Edit: Given a bit more information on your exact requirements, your storage needs appear to be between 7.6 GB and 76 GB uncompressed, which would require a rather expensive 64 bit box to store as an array in memory in C++. It raises the question why do you want to store the data in memory, where one presumes for speed of access, and to allow random access.
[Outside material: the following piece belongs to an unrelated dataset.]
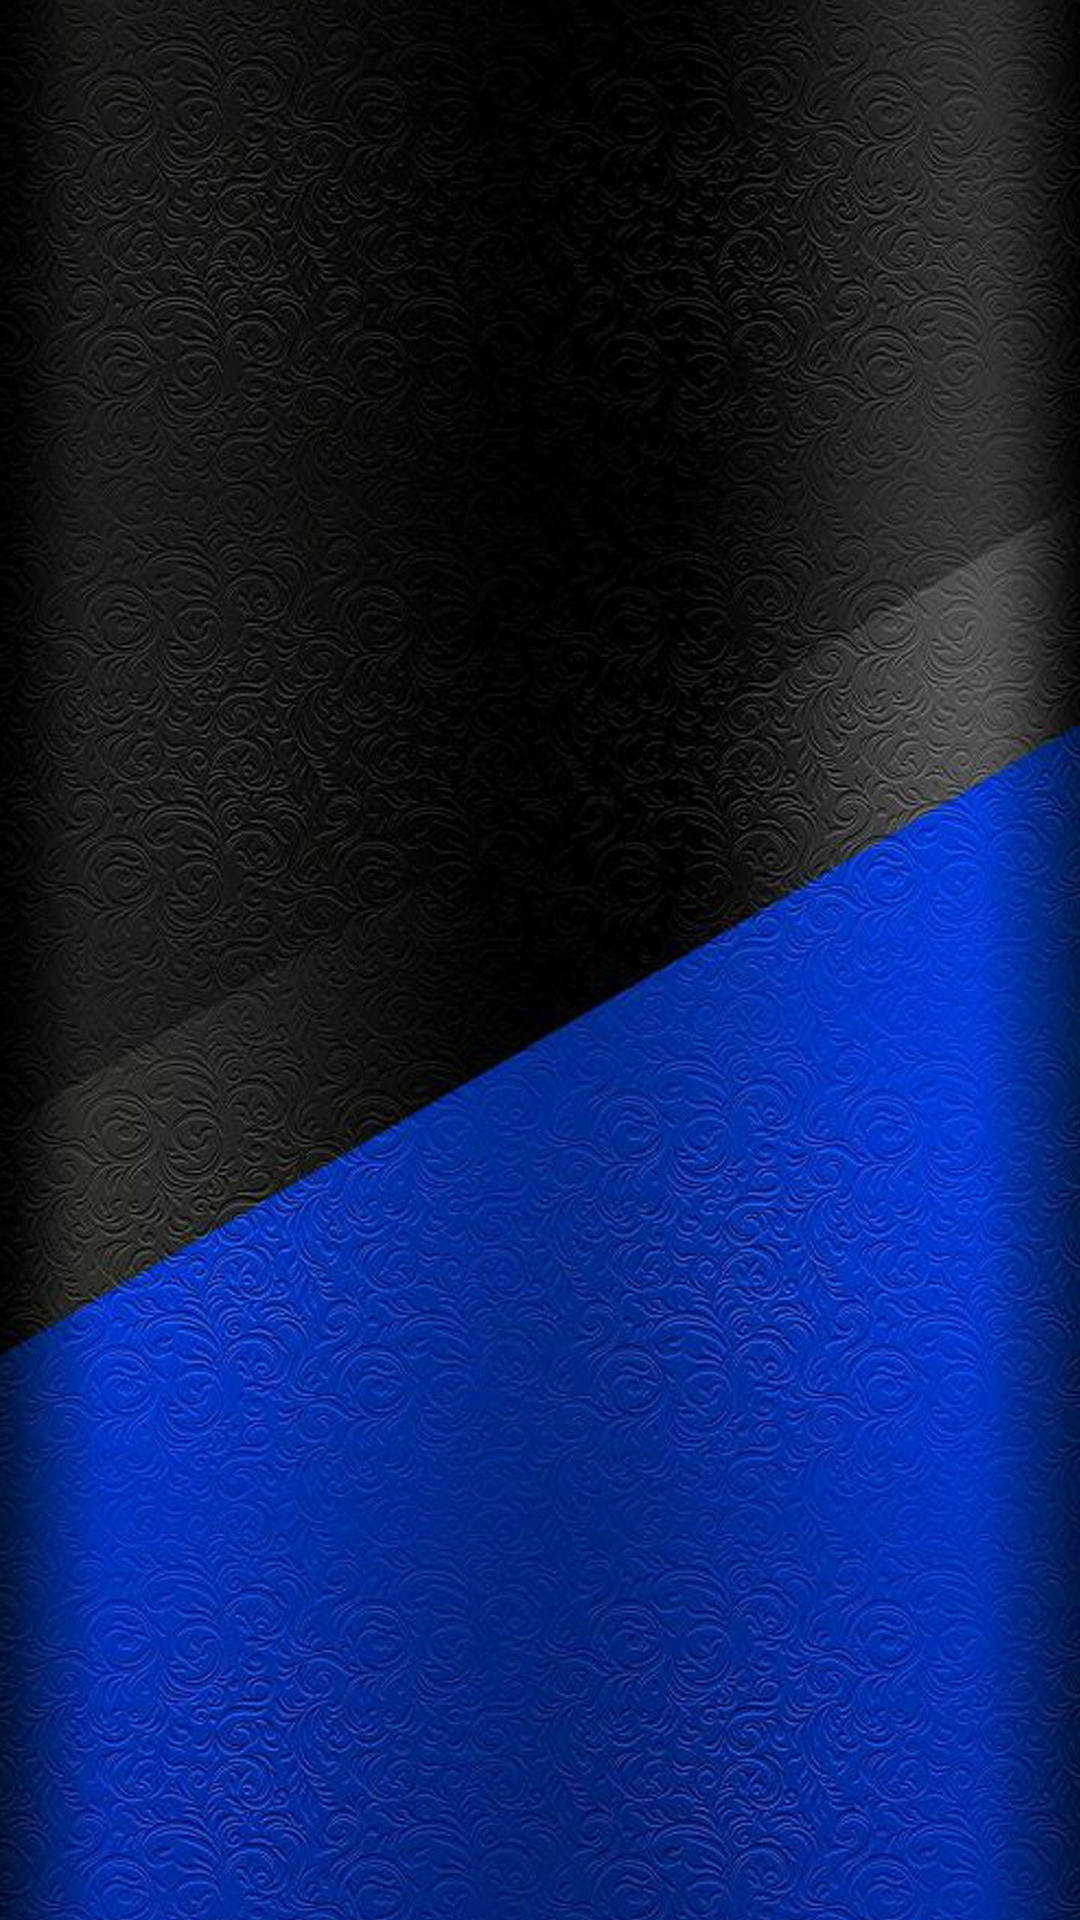 Samsung Galaxy S7 Edge Black And Blue Textured

The best way to store this data outside of an array is pretty much based on how you want to access it. If you need to access array members randomly, for most applications there tend to be ways of grouping clumps of data that tend to get accessed at the same time. For example, in large GIS and spatial databases, data often gets tiled by geographic area. In C++ programming terms you can override the [] array operator to fetch portions of your data from external storage as required.
有两个限制,都不是由c++强制执行的,而是由硬件强制执行的。
第一个限制(不应达到)由用于描述数组中索引的size类型的限制(及其大小)设置。它由系统std::size_t可以接受的最大值给出。此数据类型足够大,可以包含任何对象的字节大小
另一个限制是物理内存限制。数组中的对象越大,这个限制就越快达到,因为内存已经满了。例如,给定大小为n的vector<int>通常占用的内存是vector<char>(减去一个小常量值)类型数组的数倍,因为int通常比char大。因此,在内存满之前,<char>的向量可能包含比<int>的向量更多的项。对于原始c风格数组,如int[]和char[],也是如此。
此外,这个上限可能受到用于构造vector的分配器类型的影响,因为分配器可以自由地以任何它想要的方式管理内存。一个非常奇怪但仍然可以想象的分配器可以以这样一种方式池内存,即对象的相同实例共享资源。通过这种方式,您可以将许多相同的对象插入到容器中,否则将耗尽所有可用内存。
除此之外,c++没有强制任何限制。